An affiliate of the Washington DC-based private equity real estate firm has unveiled PRC Securities, which will raise funds for Perseus Realty and third party real estate vehicles targeting the middle market.

Perseus Realty Capital, the sister company of Perseus Realty Partners, has launched a capital  fundraising arm that will help raise equity for real estate vehicles targeting the middle market.

PRC Securities will also raise JV equity for individual projects and programmatic investments, as well as commingled funds for public and private real estate fund managers. The company will act as the placement agent for Perseus Realty Partners.

Perseus Realty Capital was founded by Perseus Realty Partners' president Paul Dougherty, in association with Perseus, the merchant bank and private equity fund, at the same time as the private equity real estate firm in 2005.

Managing director Jay Jarrett said in a statement the capital raising unit would target fund raises of between $350 million and $500 million. As part of the launch, Perseus Realty Capital has hired former Eastdil Secured real estate investment banking executive Julie Rost to head up the firm’s US west coast operations.

Earlier this year, Perseus Realty Partners launched a real estate debt financing vehicle, the PRP Participating Loan Program, to target distressed developers in the US.

PRP PLP will concentrate on property developments with a total capitalization of between $20 million and $75 million and provide up to $1 billion in financing for the development, redevelopment and acquisition of office, retail, industrial and multifamily properties.

In an interview to be published in next month’s PERE magazine, Dougherty says opportunities will grow as debt matures over the next two years as investors seek to cover the gap between their existing debt and the amounts lenders will provide in today’s credit market. However he says the spread between the bid and ask is still too large, with Dougherty telling PERE the PLP program has yet to make an investment.

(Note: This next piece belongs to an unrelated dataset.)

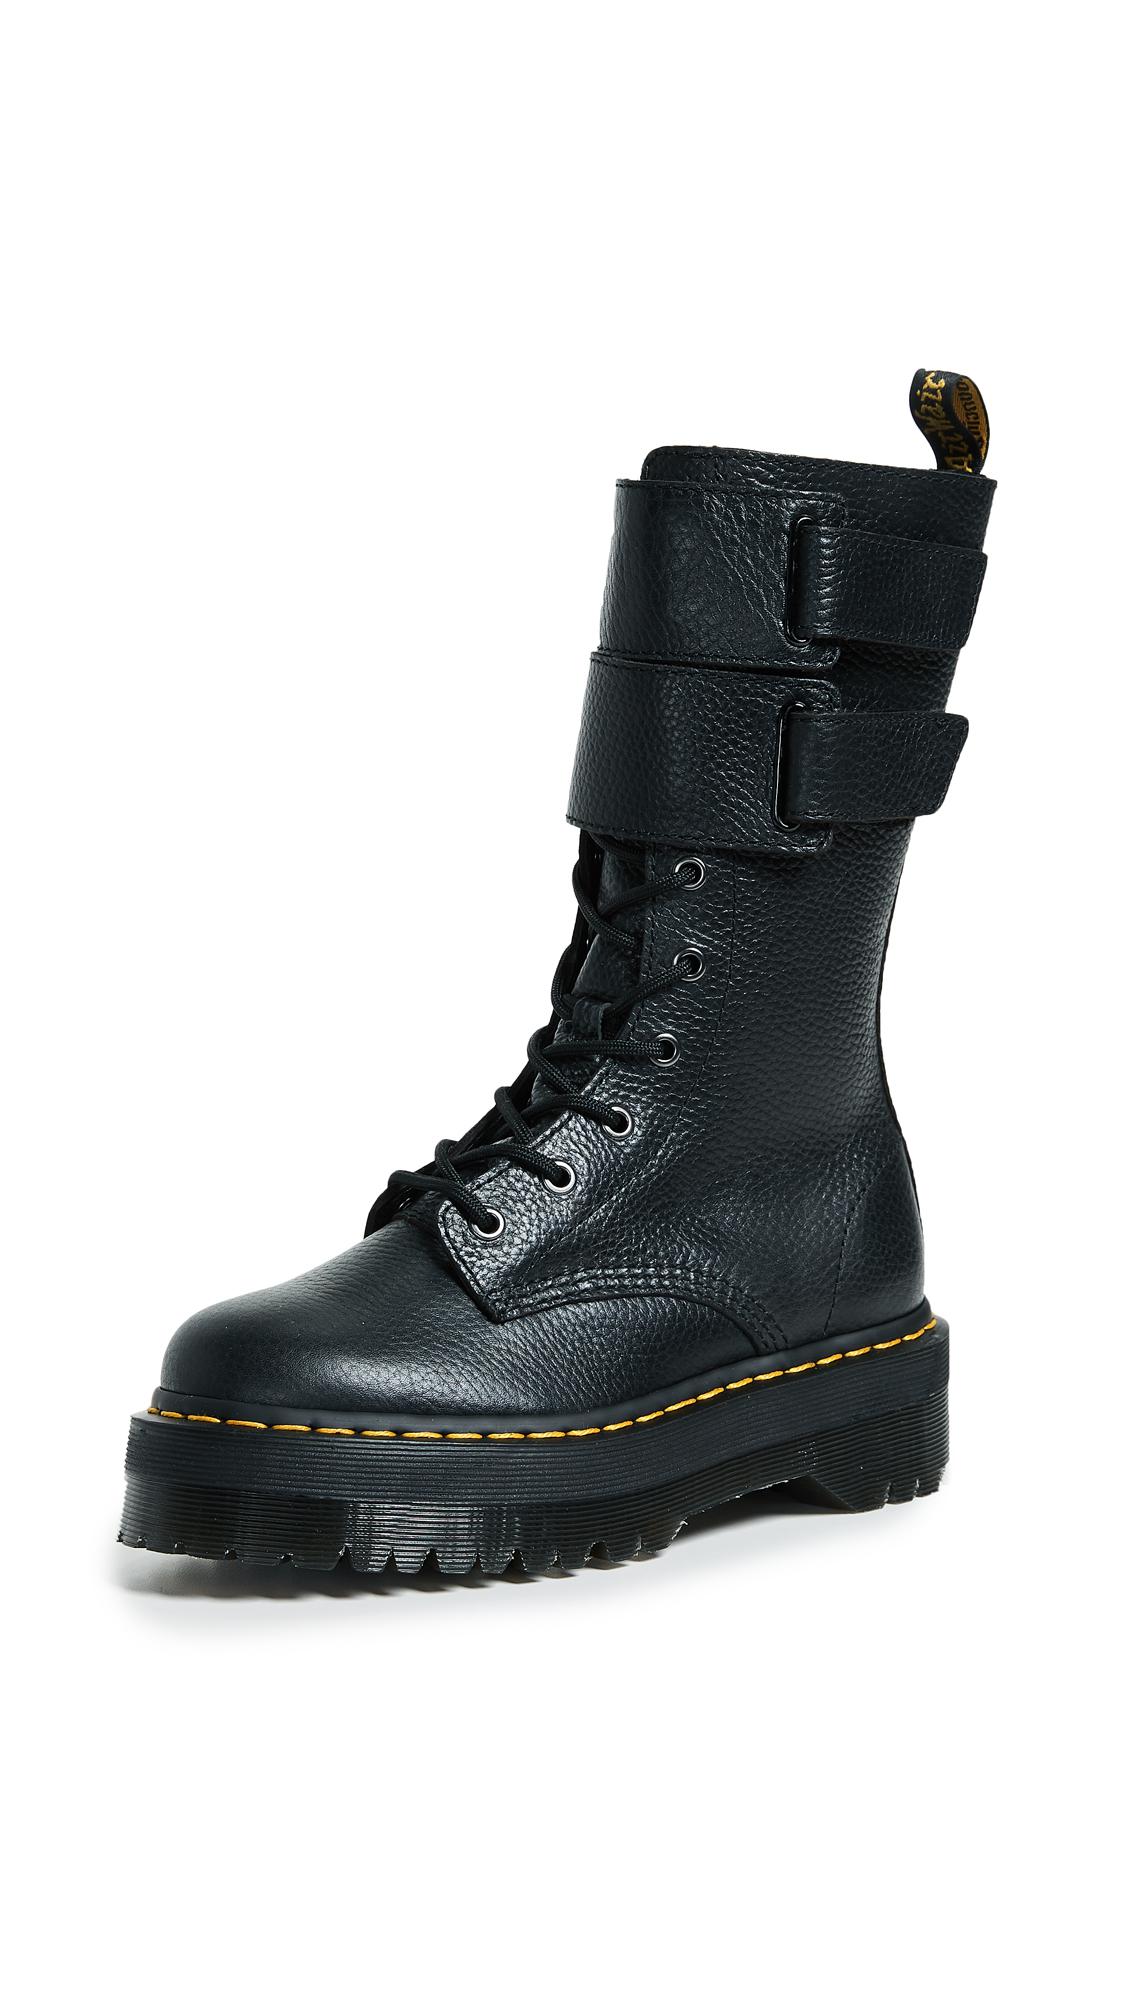 Dr. Martens Leather Jagger 10 Eye Boots in Black - Lyst

“With all of the monies being raised for distressed debt and debt funds, fund managers might find that what they will ultimately be doing is refining or shifting their strategy away from debt because they won’t be able to push their capital out as broadly as they think they might,” Dougherty said in the interview, adding: “That being said, opportunistically, this is still one of the best times to invest that I’ve seen in a long time.”